What if what is happening is, as the researchers above state, the water molecule dissociation starts by the two hydrogens symmetrically extending away from the oxygen, then one of the hydrogens breaks off, and the other snaps back toward the oxygen. And by "blue-shifting", they just happened to hit a point where they were adding that last little push of energy to the weaker hydrogen bond just as it approached the oxygen, which helped it to rebound and go flying. Or they added just enough energy to one hydrogen as it approached the oxygen, and the molecule, in trying to maintain dipolar moment, transferred just enough of that energy to the other hydrogen just as it was rebounding, causing it to go flying.
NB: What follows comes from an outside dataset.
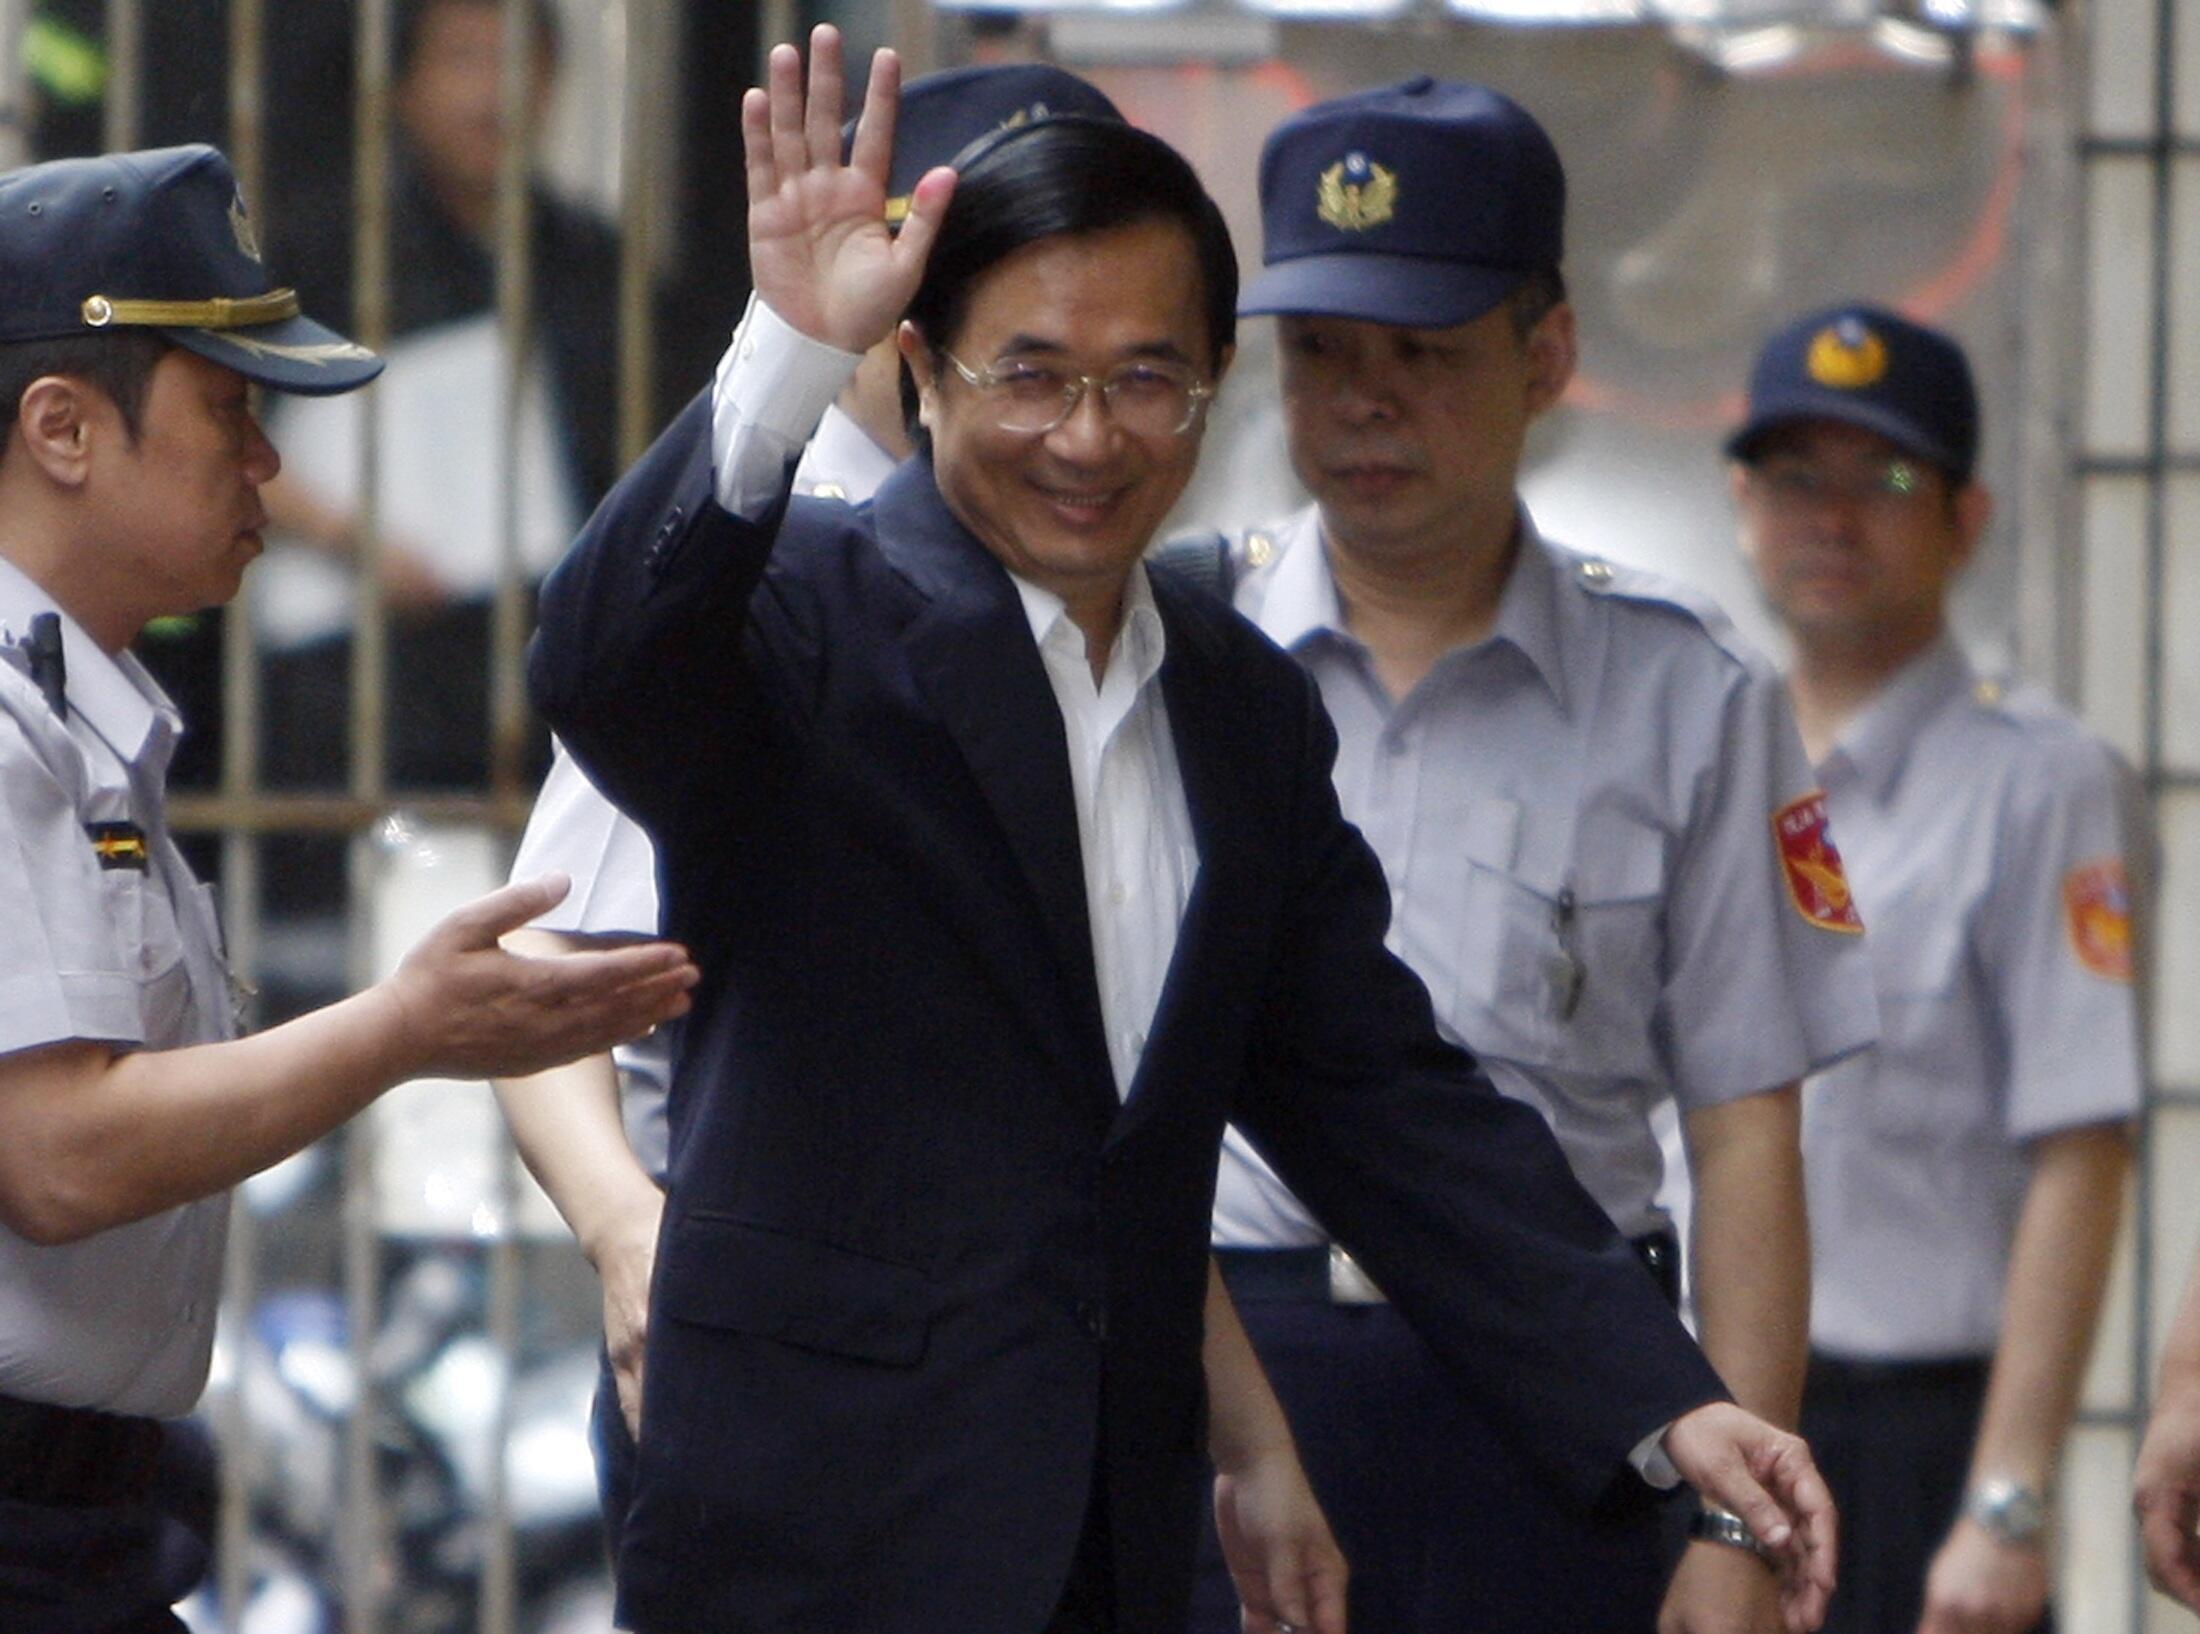 Cựu Tổng thống Đài Loan Trần Thủy Biển vẫy chào những người ủng hộ ông khi đến Tối cao Pháp viện ngày 11/10/2010

The "symmetrical stretching" part isn't a usual vibration mode of the water molecule without excitation. Usually, in the absence of excitation, it undergoes asymmetrical stretching, rocking, scissoring, wagging, and twisting. All of these DOF movements preserve the underlying symmetry and net cumulated O-H-O distances. But symmetrical stretching is different... it stretches both springs at once.

In the parlance of springs and weights, it's a two-spring system (the hydrogens are connected via one spring each, with the two springs connected to each other through the oxygen). So if one hydrogen moves away from the oxygen, the other has to move closer.

But, as energy builds up in the molecule due to our exciting it at resonant frequency, we stretch *both* springs at once (symmetrical stretching), until finally the ever-so-slightly weaker spring snaps, and the ever-so-slightly stronger spring recoils.

The increased distance between the hydrogen and oxygen changes the resonant frequency a bit... so the researchers were using as a baseline the resonant frequency of a water molecule undergoing *no* excitation... but by blue-shifting to a higher frequency when under excitation, they actually hit the *new* resonant frequency of one of the hydrogen's 'springs' as it was rebounding.

If the researchers had red-shifted their frequency, they might have been able to add energy to *both* hydrogens just as they were symmetrically stretched the most, and caused both hydrogens to go flying. *Really* ultrafast dissociation.

Comments? Or am I completely off base here?